The SkyWest, Inc. Common Stock Fund (the “Common Stock Fund”), the JP Morgan Stable Asset income Fund, and the T. Rowe Price Stable Value (the “Stable Value Funds”) are valued at the net asset value (NAV) of units of the respective funds. The NAV, as provided by the respective fund trustees, is used as a practical expedient to estimating fair value. The NAV is based on the fair value of the underlying investments held by the fund less its liabilities. This practical expedient is not used when it is determined to be probable that the fund will sell the investment for an amount different than the reported NAV.
The Stable Value Funds are designed to provide safety of principal with consistency of returns with minimal volatility by employing a strategy of investing in investment contracts and security-backed contracts while employing broad diversification among contract issuers and underlying securities.

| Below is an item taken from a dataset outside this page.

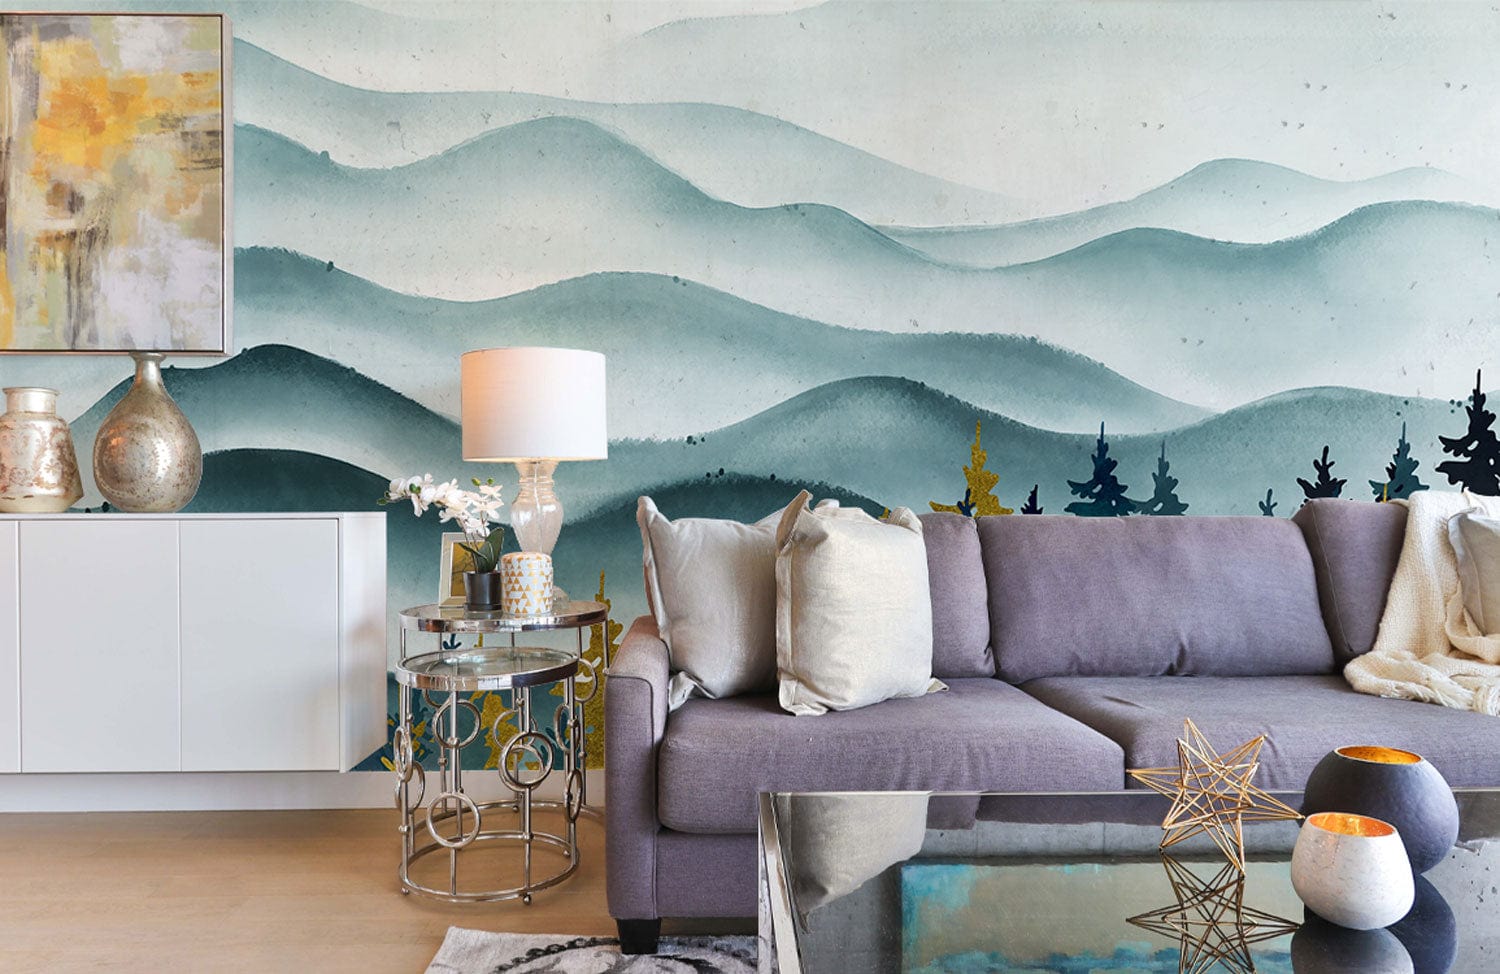 How About an Ombre-Inspired Mural Wallpaper Design? Ink Mountain Waves, an Excellent Option for Decorating the Living Room

The Plan Sponsor is able to redeem the investment in the Stable Value Funds by providing a 12‑month notice. Although the notice requirement is 12 months, JP Morgan and T. Rowe Price have indicated the ability to redeem the investment sooner. Redemption frequency for the Stable Value Funds is immediate, and the Stable Value Funds contain no unfunded commitments. There are no other significant restrictions on the ability to redeem the investment.
Plan investments include mutual funds and a collective trust managed by JP Morgan, the Plan trustee until July 29, 2016, and therefore were party-in-interest transactions. While transaction involving Plan assets with a party-in-interest may be prohibited, these transactions are exempt under ERISA Section 408(b)(8).
The Common Stock Fund includes investments in SkyWest, Inc. common stock. Redemption frequency for the Common Stock Fund is immediate, the Common Stock Fund contains no unfunded commitments, and has no redemption restrictions.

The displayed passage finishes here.